Автор книги: Петер Альтенберг
Жанр:
Классическая проза
сообщить о нарушении
Текущая страница: 2 (всего у книги 13 страниц)
ПОЧЕМУ?!
Почему завелась у современных людей, у так называемых современных людей, эта «истерическая» манера сознательно преувеличивать в каком-либо направлении то, что им даровано милостью судьбы? Это, быть может, здоровый стимул для того, чтобы использовать с наибольшей легкостью и грацией все врожденные силы?.. Ни в коем случае! Это затрудняет легкость твоей телесной машины... О, культурный человек!

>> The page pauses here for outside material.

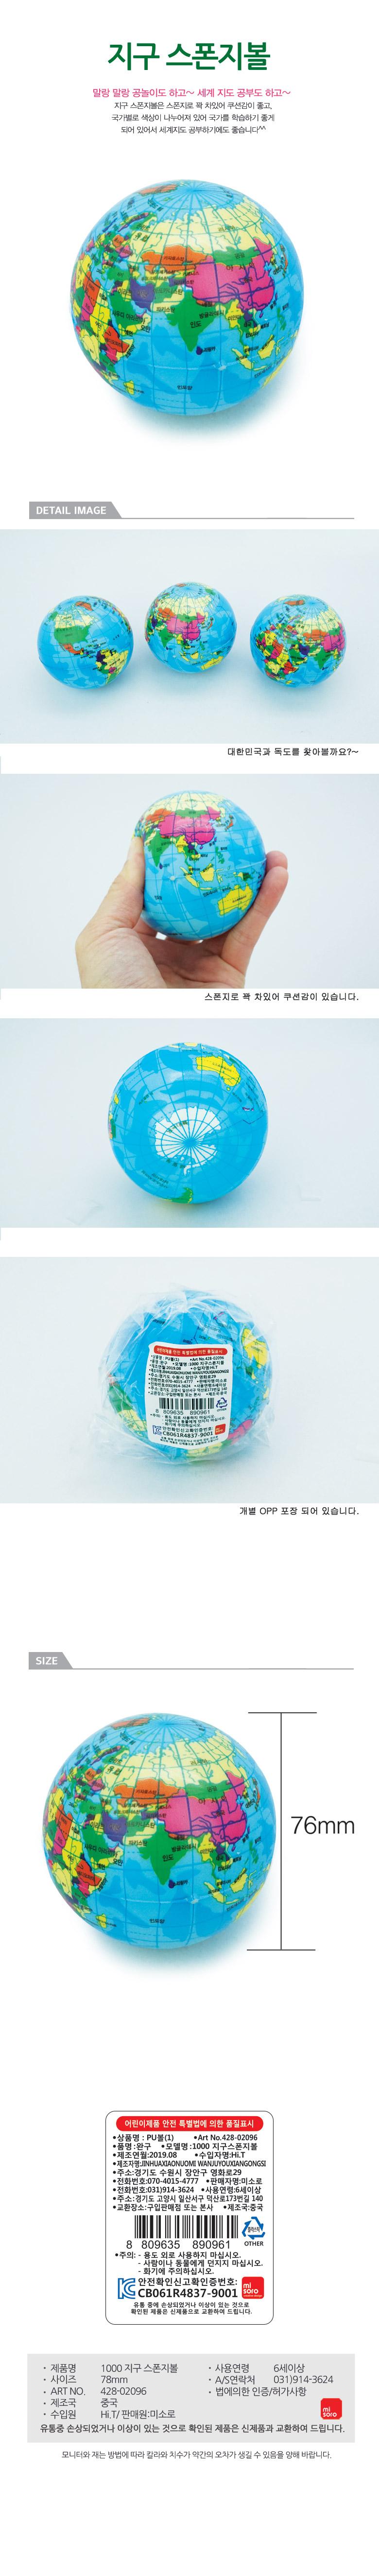 1000 지구 스폰지볼 2096 - 미소로, 1,000원, 기타 구기운동, 기타 구기용품

Ходи легкокрылый, свободный от земного начала, Иди, скользи, но не пытайся быть более легкокрылым, нежели то доступно для твоей машины!
Для моего отца рюмка настоящего бенедиктина после обеда, сигара и шесть недель отдыха на Лакабоденском пастбище олицетворяли собою счастье. Он большего никогда не желал, видел уже в этом «подарок милосердной судьбы!»
Мне всегда говорят: «Вы бы должны были взяться за одноактные пьесы. Это прекрасно подошло бы к вашей манере, и ведь это будет получше простых набросков». Но все приличие и благоразумие заключается в том, чтобы действовать сообразно своим силам. Мощные пары только для гениев, и даже им они не всегда бывают по плечу. Резкими, гениальными скачками можно покорять женские сердца (я слышу сердца?!?), но никак не мир! Каждый должен содействовать общей созидательной работе на подобие муравья и пчелы, в согласии с природой, в согласии с судьбой, иначе говоря – гениально-скромно! Не желать больше того, что можешь, почти гениально. Честолюбие не должно быть ни чем иным, как использованием избыточных сил машины. Шиллер не мог не писать своего Валленштейна! Все в нем заставляло его это сделать. Для него было бы гораздо мучительнее не писать этой трилогии, нежели для идиота написать ее! Взять на себя бремя целой женской жизни, женской доли, должно быть для человека легче, даже удобнее, нежели не брать ее на себя. Иначе человек не будет мудрым! Все, что мы делаем или не делаем, должно зависеть от внутренних границ, поставленных нашей машиной. А потому оставь пожалуйста все планы, надежды, мечты, честолюбие твоего ума, твоей души, и займись, мечтательный грешник, лучше тем, чтобы сохранить твою машину в состоянии высшего напряжения сил; вставай до восхода солнца, ложись до заката, кушай легкую пищу! Не взнуздывай свою лошадь сзади при помощи чертовски смешного честолюбия (наследственная мания величия в микрокосме), позаботься лучше сознательно о том, чтобы все винты и винтики, колеса и клапаны были в порядке!
ПУТИ СТРАДАНИИ.
Доктор в санатории говорил: «Покой, покой есть первое условие для выздоровления!».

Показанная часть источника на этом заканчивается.